Star Tribune

By Briana Bierschbach

Minnesota Sen. Amy Klobuchar said she is seeing fresh signs that the violent insurrection in Washington last week was a "tipping point" in a nation that has been deeply polarized under Donald Trump's presidency.

"You have the public horrified that a police officer dies, horrified that the people's house was taken over by mobsters and vandals and thugs," she said in a Star Tribune interview Saturday. "This was completely out of control. This isn't the country that they love. This isn't patriotism — this is the opposite."

Even before the breach, Klobuchar said there were signals that people were starting to "reject the Trump phil­osophy."

Democrats had won one U.S. Senate runoff election in Georgia when the Electoral College proceedings started on Wednesday. By the end of the day, they had prevailed in both, taking over the majority in the chamber. Early polls in the state suggested a majority of voters had rejected Trump's unsubstantiated message about widespread voter fraud.

Klobuchar even found herself in the midst of a historic moment early Thursday morning as Vice President Mike Pence turned to her on the Senate floor and offered his closed fist.

He had just read the Electoral College vote tally in favor of Joe Biden and Kamala Harris, hours after the mob incited by his president violently breached the Capitol, vowing to upend the democratic process and sending lawmakers into lockdown. After the Capitol was secured, they returned to finish the task. The Republican vice president and Democratic senator were some of the few members left in the Senate as the process was wrapping up around 3 a.m.

Klobuchar reached up and returned the gesture, bumping his fist with hers.

"We disagree on basically everything," Klobuchar said. "But we upheld our democracy, we did our jobs. No matter how this day started, this is how it ended."

Washington remains on edge as the embattled president faces the threat of an impeachment vote as early as Monday and as the city prepares for a scaled-down inauguration of President-elect Biden. Over the weekend, Trump supporters held rallies at state capitals across the country, including about 150 who gathered in St. Paul.

But Klobuchar sees a growing number of signs that calmer times are ahead.

Even as a number of vocal Republican lawmakers planned to object to the certification of the election results in key states, a significant group of GOP congressional members quietly upheld the results, said Klobuchar, who'd spent weeks behind the scenes trying to build bipartisan support.

That group got larger after the breach, which claimed five lives, including a Capitol policeman. Longtime Trump allies such as Republican Senate Majority Leader Mitch McConnell and GOP Sen. Lindsey Graham rose to support the certification process. "I prayed Joe Biden would lose. He won. He's the legitimate president of the United States," Graham said in his floor speech.

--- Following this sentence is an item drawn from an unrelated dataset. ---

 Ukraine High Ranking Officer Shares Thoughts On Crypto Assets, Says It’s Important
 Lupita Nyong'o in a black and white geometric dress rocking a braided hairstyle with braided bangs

In a stunning moment during the lockdown, Klobuchar watched a room of senators from both parties fall silent as Biden appeared on television and called for the riots to end.

"At the end people clapped," Klobuchar said. "It was really dramatic because the president was smoldering away in the White House and Biden was addressing the nation."

Minnesota's senior senator was central to the process of certifying the Electoral College vote, as the lead Democrat who will soon ascend to chairwoman of the Senate Rules Committee. Behind the scenes, she was one of the key players pushing to make sure it resumed after the Capitol was cleared.

"I stood up and said, 'We have to go back, we have to go back,' " Klobuchar said. "We have to get this done, we can't let them own our room, but we also can't let them stop the electoral counting."

Even though the results are certified, she acknowledges that Trump still has a "hard core base" that will continue to doubt Biden's victory. The next week and a half until the inauguration is certain to be tense, with some conservatives protesting a move to impeach Trump for a second time or remove him from office by the 25th Amendment.

But Klobuchar hopes the inauguration of the new president, the confirmation of his Cabinet members and more work to combat the coronavirus pandemic will start to bring people together.

She is one of a handful of lawmakers in Congress who will be leading joint hearings on how the breach happened and how to make sure it never happens again, a task that is critical as the inauguration approaches.

"It has to be safe," she said. "For the world to see."

In all the horror that unfolded on Wednesday, Klobuchar said it still ended the way it was supposed to, with a smattering of applause, a certification of an election — and a quiet fist bump.

"That moment was about a peaceful transition of power," she said. "The whole day was about that."